Now here's something else that's strange: the "sudo iwlist scan" command shows my interface up with pairwise and group CCMP security, as it should. But the "lsmod" command shows that only the "ieee80211_crypt_tkip" module is loaded as a dependency, not the "ieee80211_crypt_ccmp" module as one would expect. What gives?

----------


## jansongoh

hi, does this mean that do not have to use ndiswrapper as driver? means that monitor mode can be supported on bcm4328? 

I'm intending to run Backtrack 3 but the non support of monitor mode for bcm4328 on ndiswrapper makes this impossible. Or anyone has a tutorial on how to go about doing this?

All help appreciated!

----------


## cyberdork33

> hi, does this mean that do not have to use ndiswrapper as driver? means that monitor mode can be supported on bcm4328? 
> 
> I'm intending to run Backtrack 3 but the non support of monitor mode for bcm4328 on ndiswrapper makes this impossible. Or anyone has a tutorial on how to go about doing this?
> 
> All help appreciated!


You are probably not going to get much help here on sniffing.

The wl driver is provided by Broadcom and should support all the functions that their drivers for Windows allow. So, yes, you do not have to use ndiswrapper to use this driver.

----------


## robzon

The driver works but leaves a lot to be wished for.
I did some simple benchmarking - tried to download a file over http from my local network.

On ndiswrapper I got consistent speed of 3.5MB/s.
On wl the speed varies between 0.5MB/s and 1.5MB/s.

Huge difference! Additionally ad-hoc, master and monitor modes do not work. I also couldn't change any settings related to power saving. Scanning for networks takes longer. Basically, everything I tested sucked compared to ndiswrapper. Still it DOES work and is usable (so far). For regular web browsing, chatting, etc it should be enough.

It's a huge step forward, but there's still plenty of work to do.

----------


## hajk

> The driver works but leaves a lot to be wished for.
> I did some simple benchmarking - tried to download a file over http from my local network.
> 
> On ndiswrapper I got consistent speed of 3.5MB/s.
> On wl the speed varies between 0.5MB/s and 1.5MB/s.
> 
> Huge difference! Additionally ad-hoc, master and monitor modes do not work. I also couldn't change any settings related to power saving. Scanning for networks takes longer. Basically, everything I tested sucked compared to ndiswrapper. Still it DOES work and is usable (so far). For regular web browsing, chatting, etc it should be enough.
> 
> It's a huge step forward, but there's still plenty of work to do.

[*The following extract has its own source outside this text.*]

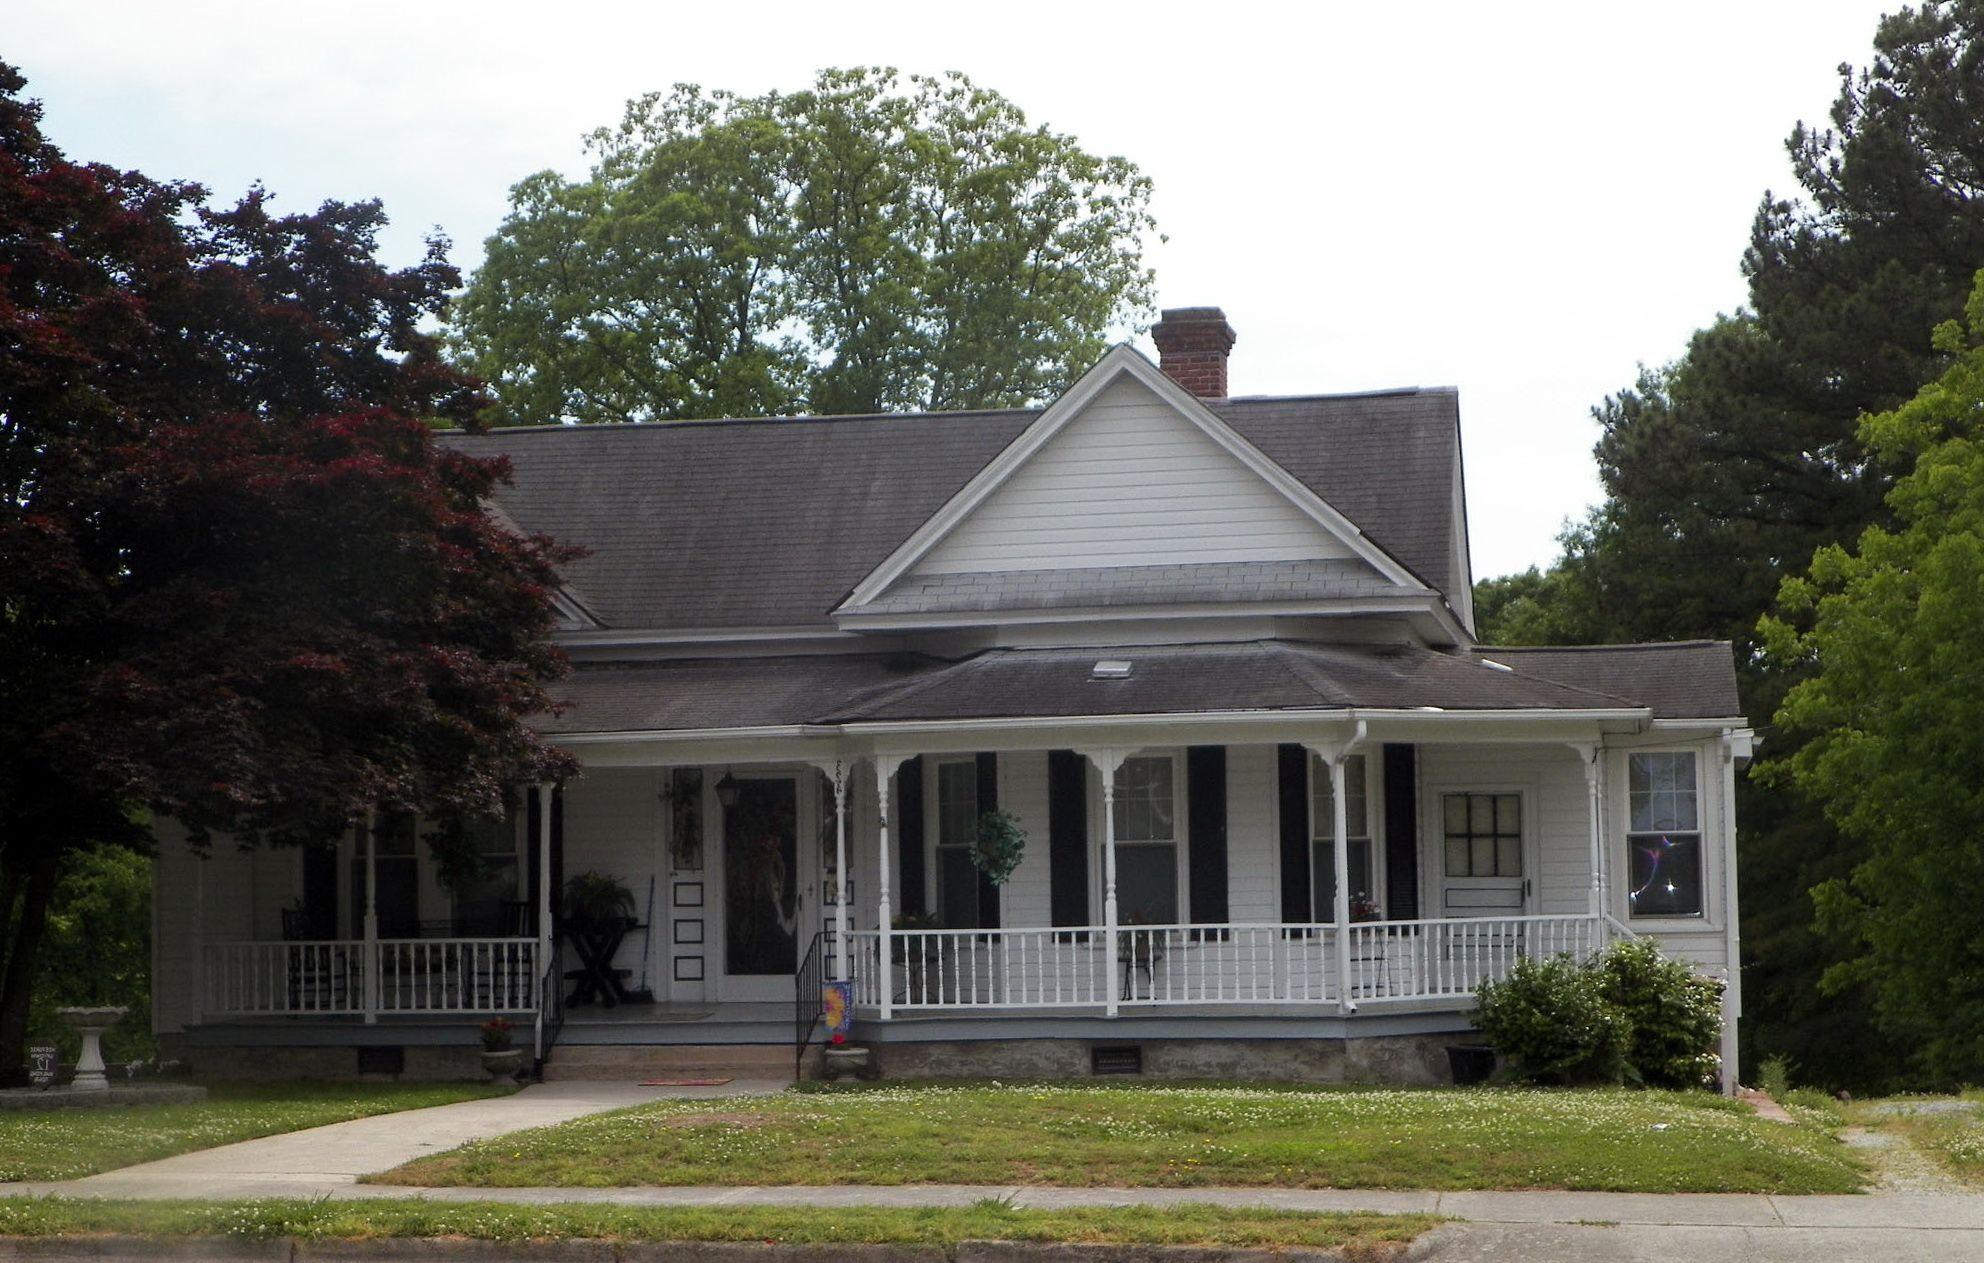 House plans wrap around porch one story do you suppose
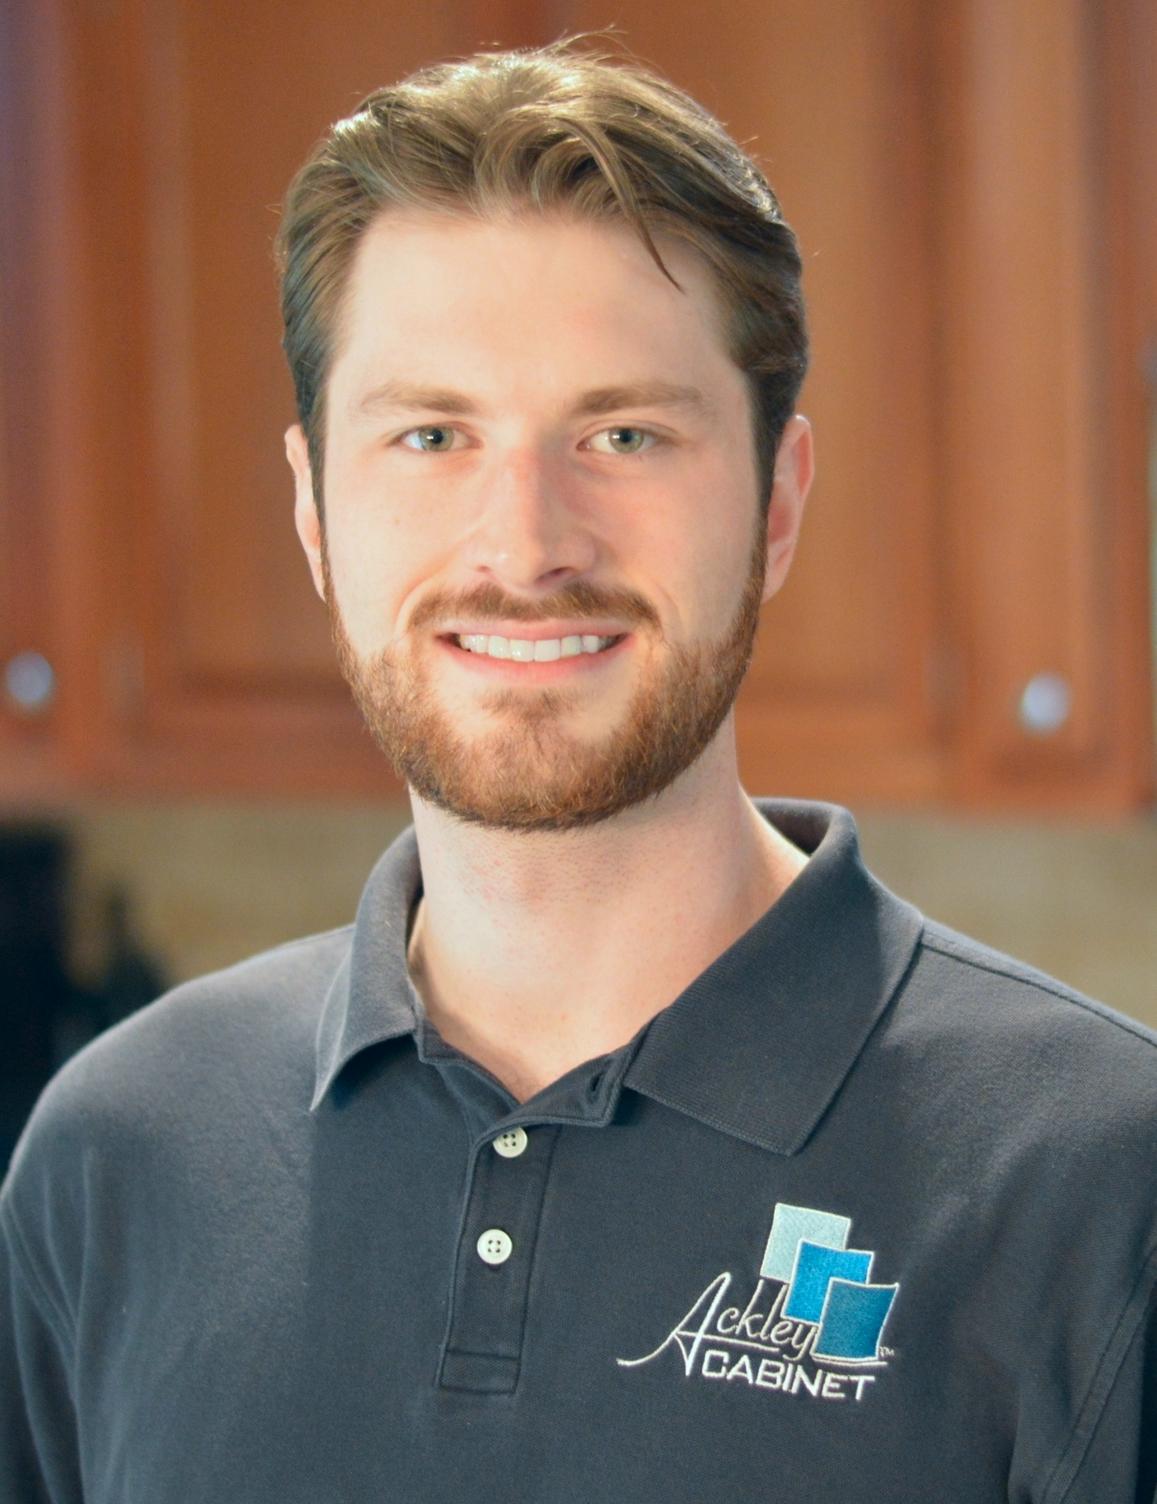 Scott Ackley- Ackley Cabinet LLC

My ADSL connection gives me a max download speed of about 1750 kB/s and that's near what I got on average when downloading the Alpha-5 Intrepid install iso (took about 6-7 minutes). I get similar speeds during other downloads. Yet, the _reported_ speed by iwconfig varies between 1 - 54 Mbps, basically a useless number. It seems to me that the problem is one of reporting, not of actual speed variation. And then the connection tends to time out after a period of non-use, like 15 minutes. I consider that a feature to save battery power. Anyway, I prefer it over having to insert some USB adapter...

----------


## cyberdork33

yea I have seen a big improvement myself.

----------


## m.musashi

This is certainly good news and something I've been hoping for. However, could someone explain the exact steps to take to get this working via the kernel update (without running the risks involved with the proposed repo). I'm not a total newb or anything but this is my kids' computer and I'm tired of dealing work wifi issues every other day but I also don't want to make it worse. 

Thanks.

----------


## hajk

Have a look at the first sticky in the networking section of the Ubuntu Forums, it requires a kernel update from Hardy proposed.

----------


## cyberdork33

> This is certainly good news and something I've been hoping for. However, could someone explain the exact steps to take to get this working via the kernel update (without running the risks involved with the proposed repo). I'm not a total newb or anything but this is my kids' computer and I'm tired of dealing work wifi issues every other day but I also don't want to make it worse.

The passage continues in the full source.